#### AVAILABLE DATA:
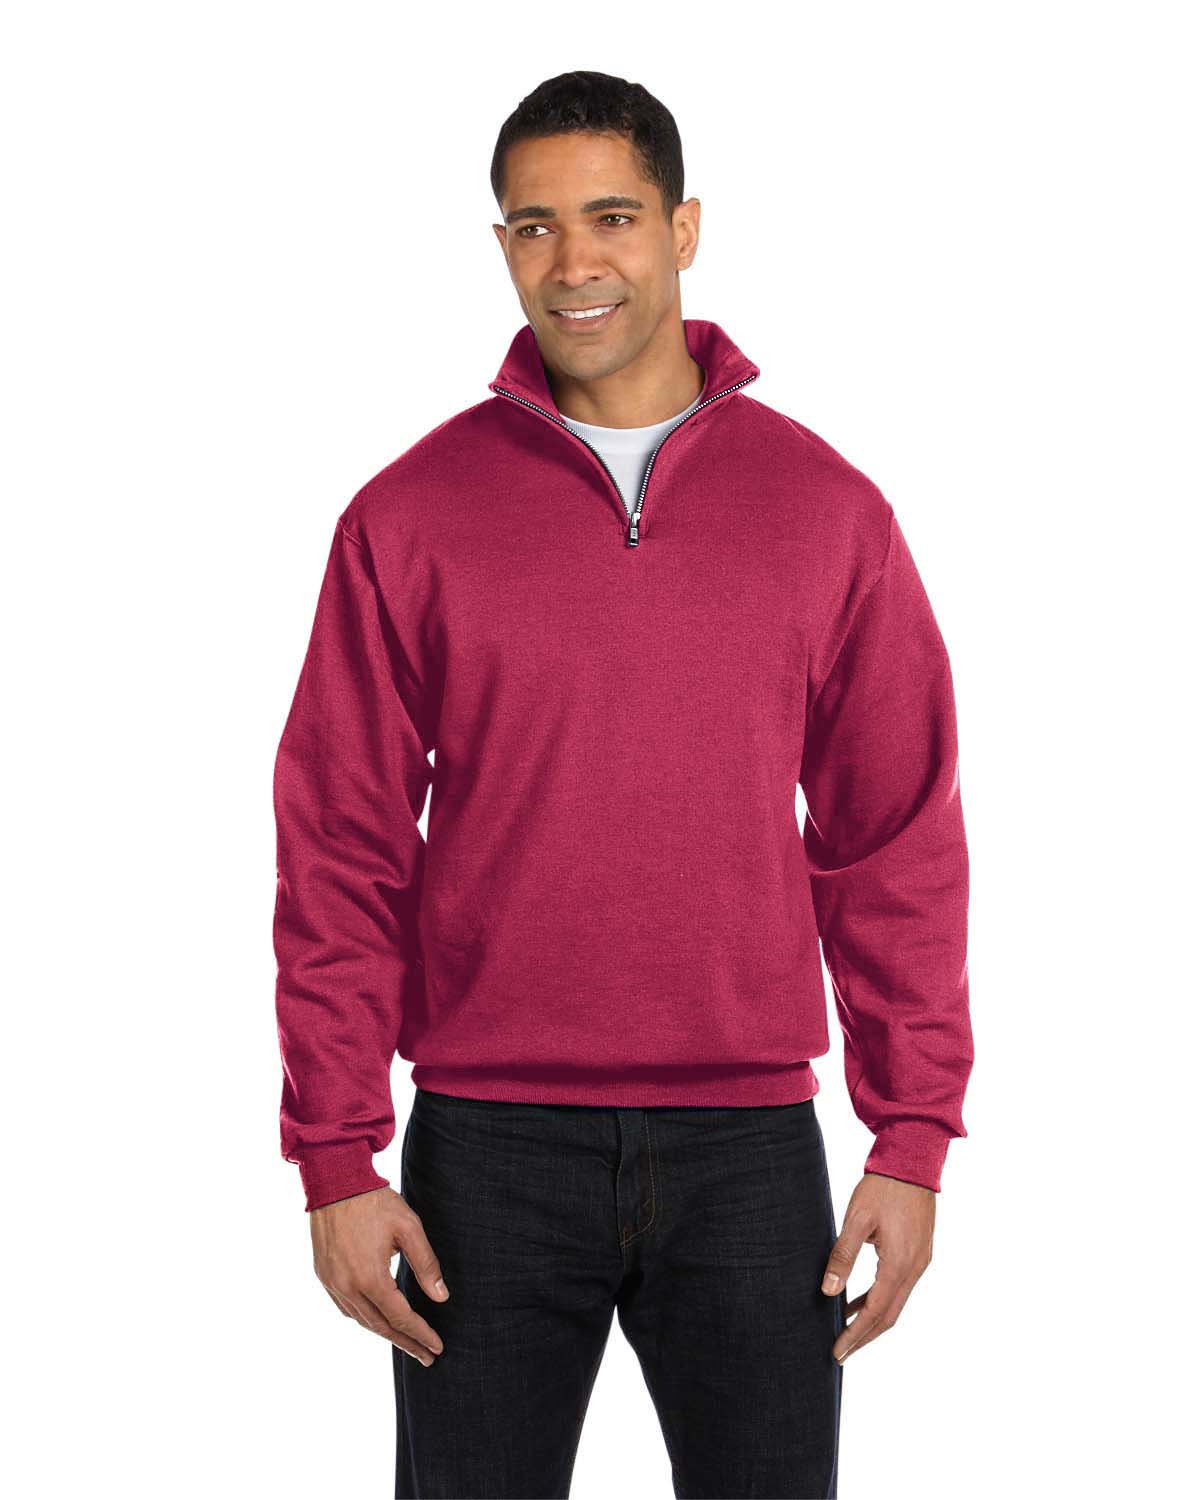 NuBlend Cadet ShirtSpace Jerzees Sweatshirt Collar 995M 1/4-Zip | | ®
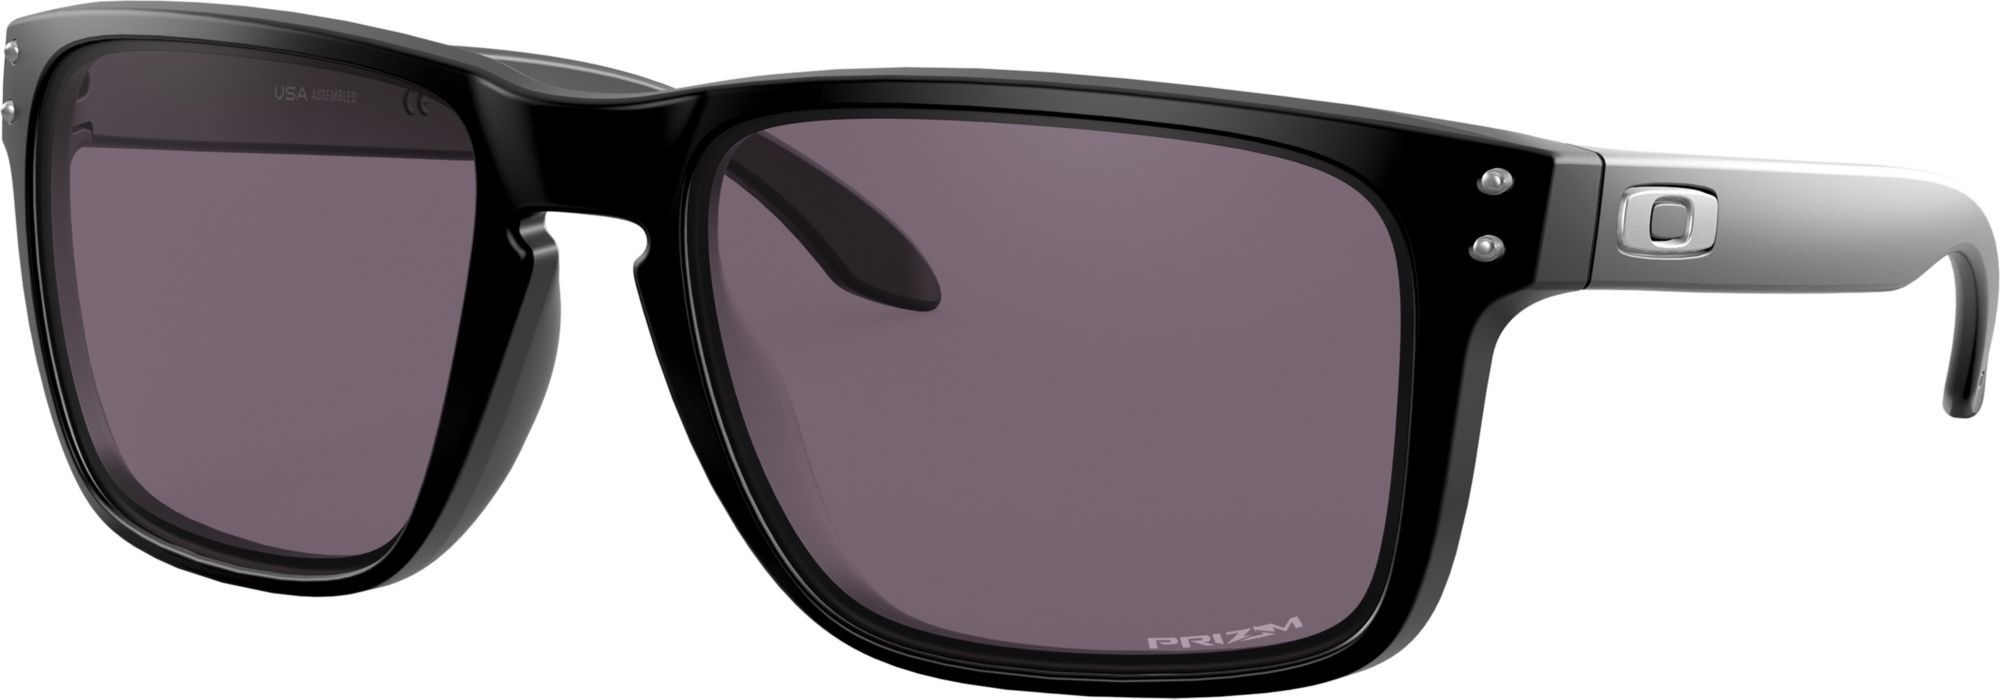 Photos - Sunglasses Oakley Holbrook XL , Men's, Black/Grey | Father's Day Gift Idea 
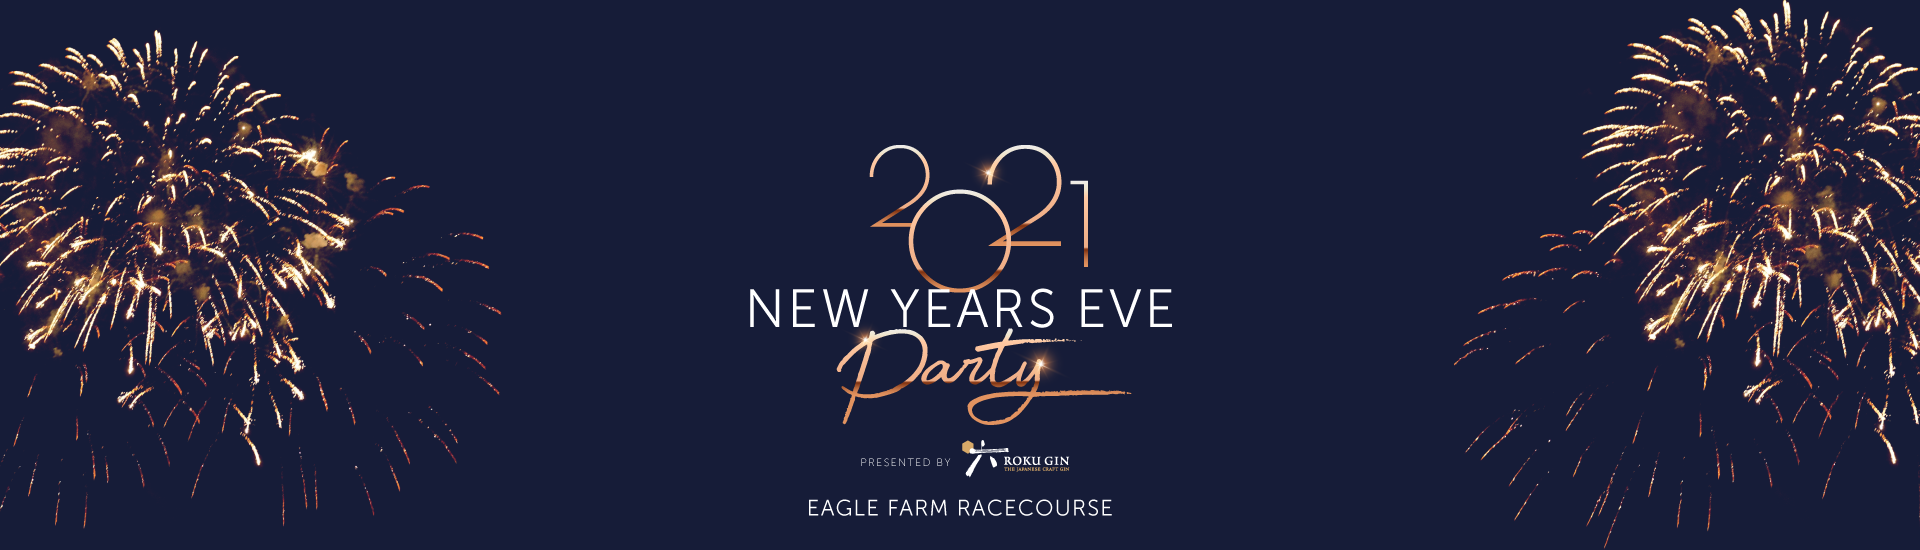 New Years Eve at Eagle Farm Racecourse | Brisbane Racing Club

#### EXERCISE BRIEF:
The data above needs to be retyped exactly, with the images left out.

#### ANSWER BELOW:
 NuBlend Cadet ShirtSpace Jerzees Sweatshirt Collar 995M 1/4-Zip | | ®
 Photos - Sunglasses Oakley Holbrook XL , Men's, Black/Grey | Father's Day Gift Idea 
 New Years Eve at Eagle Farm Racecourse | Brisbane Racing Club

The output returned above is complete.